Hi everyone,
*Tim Roberts* over at the osr.com forum has been very kind in answering
my audio driver questions over the last few months. Recently, he
referred me to this mailing list where "/all the cool audio driver kids,
including several very helpful members of the Microsoft audio team, hang
out/".
My goal is to play networked voice data (in our app) to a virtual render
endpoint, and have it 'loop-back' to a virtual capture endpoint that
3rd-party chat apps like Skype, Zoom, etc. can consume.
My audio driver prototype is based on SYSVAD/WaveRT. Besides being newer
and recommended in the docs, WaveRT handles more of the copying data
to/from the DMA buffers. My hope was that I could write less code and
have a more stable driver.
What's needed is just a straight-through audio pipe, so I tried using a
single, common buffer for render & capture streams; keeping the
respective PlayPositions in sync. For this to have a hope of working,
both render and capture streams would have to be identical in terms of
format (e.g. channels, frames/sec). Alas, when I tested, each stream had
significant differences in their PCM format (channels, frame rate). I'm
still testing to see if I can limit/coerce both endpoints to the same
format: a single channel at some arbitrary 'good enough' frame rate, but
this approach is starting to look uncomfortably fragile.

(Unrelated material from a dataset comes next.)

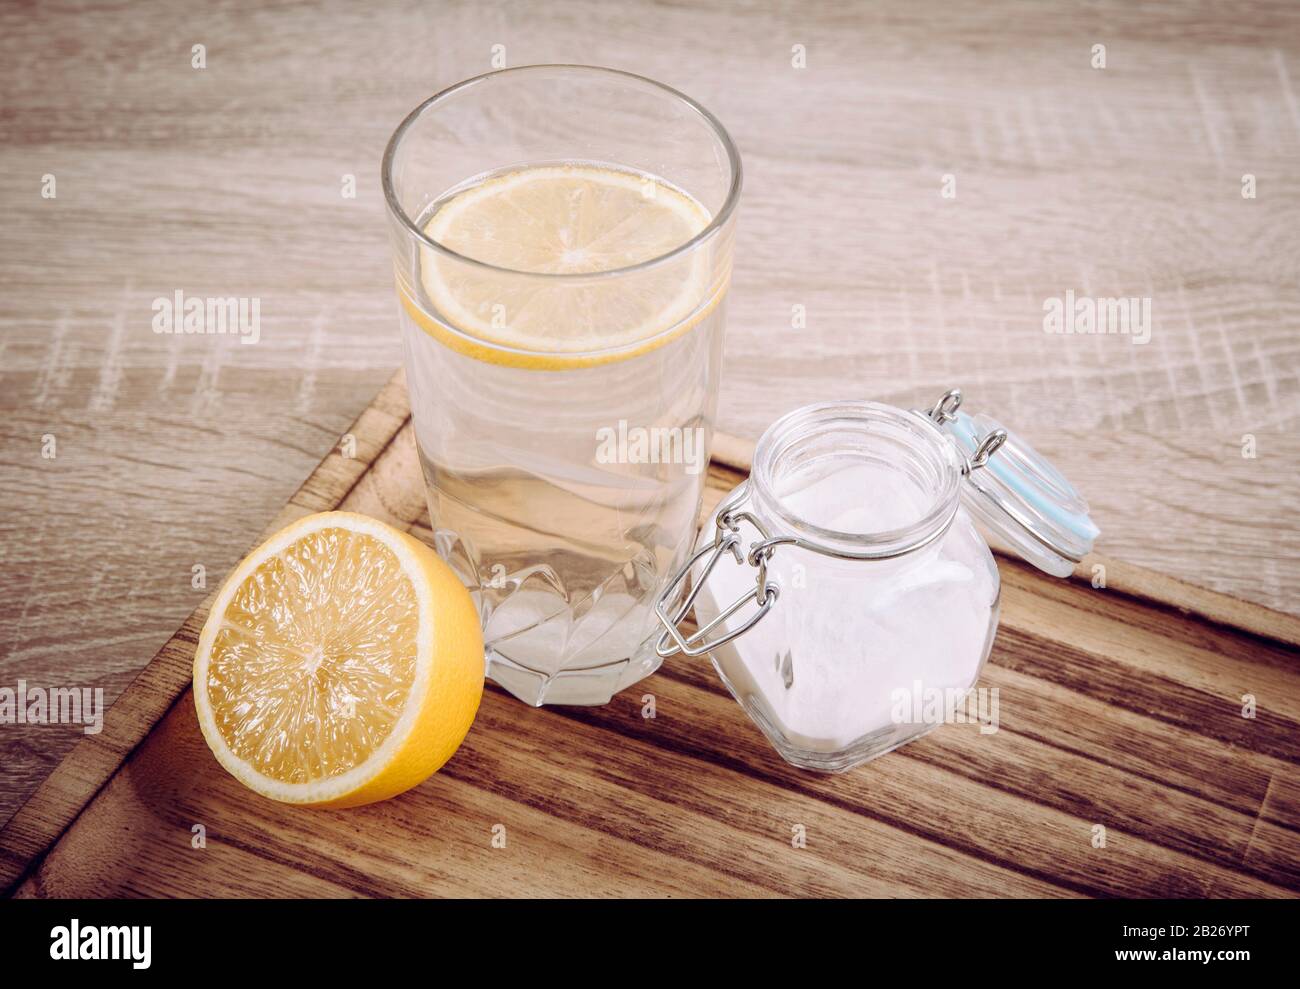 Baking soda in drinking glass with water and lemon juice, health benefits for digestive system concept on natural wooden background. Stock Photo

My second prototype is based upon MSVAD/WaveCyclic. With WaveCyclic, I
implement the DMA buffer copying logic, so I can do whatever data
conversion is required. I'm aware of a few other 'virtual audio driver'
projects on Github with similar goals; all based upon WaveCyclic.

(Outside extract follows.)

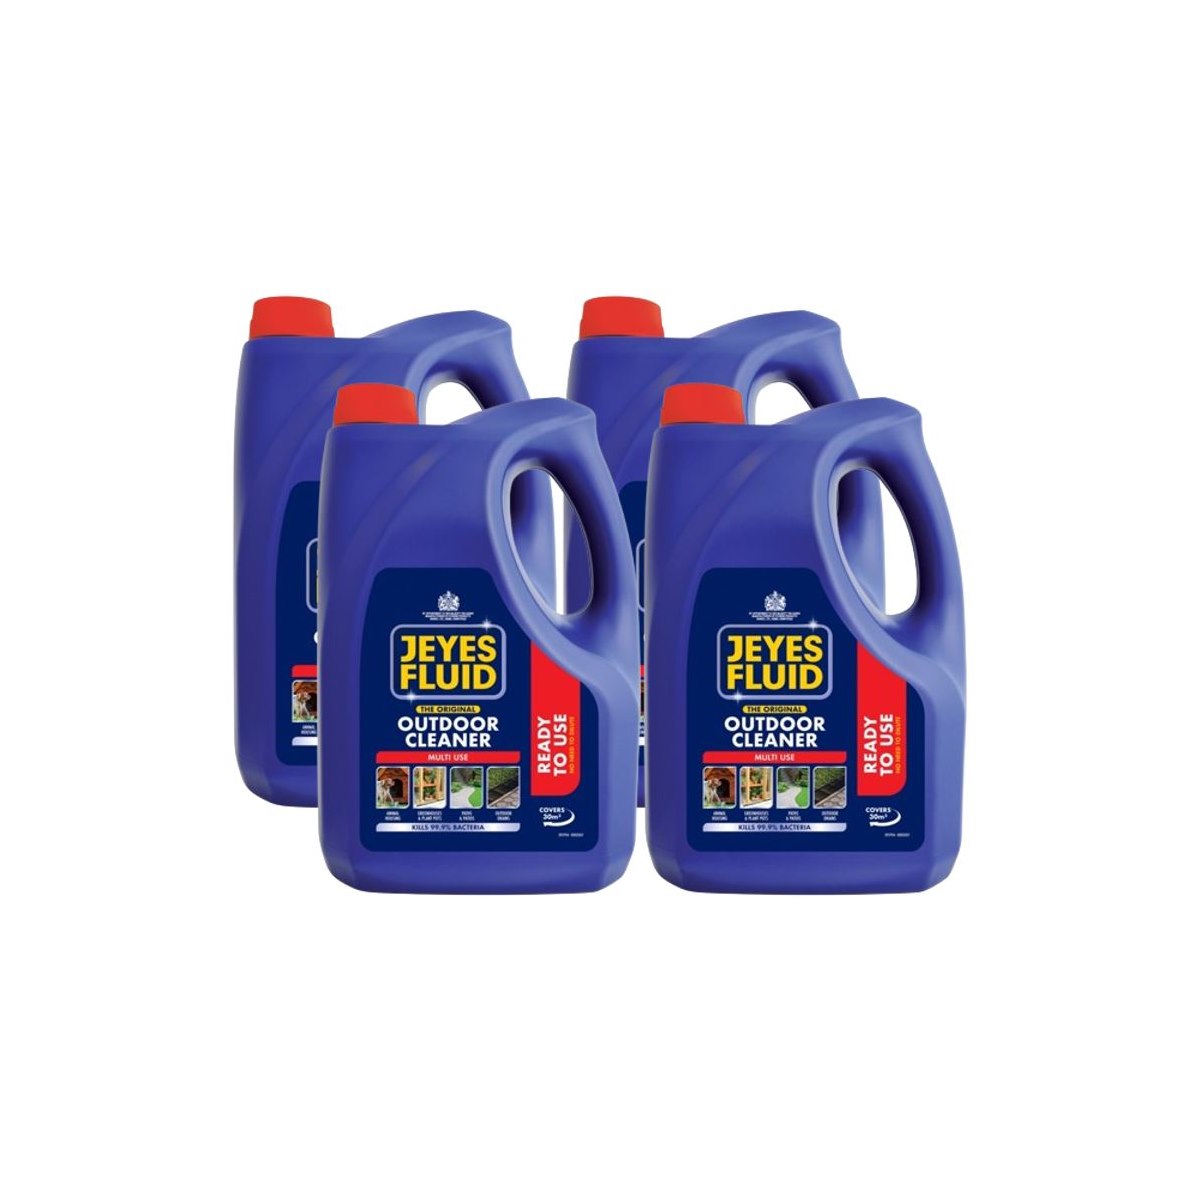 Case of 4 x Jeyes Fluid Ready to Use Outdoor Cleaner 4L

I wanted to see how they dealt with the data format conversion issue,
but when I look at their CopyTo and CopyFrom implementations, *I don't
see them dealing with conversion at all*. There doesn't appear to be any
code (e.g. in DataRangeIntersection) that limits streams to a specific
number of channels or frame-rate.
Can anyone shed light on this?
I'm sure my expectations must be off somehow, but it seems to me that
some kind of conversion *must* be required when copying data between
streams of sufficiently different format...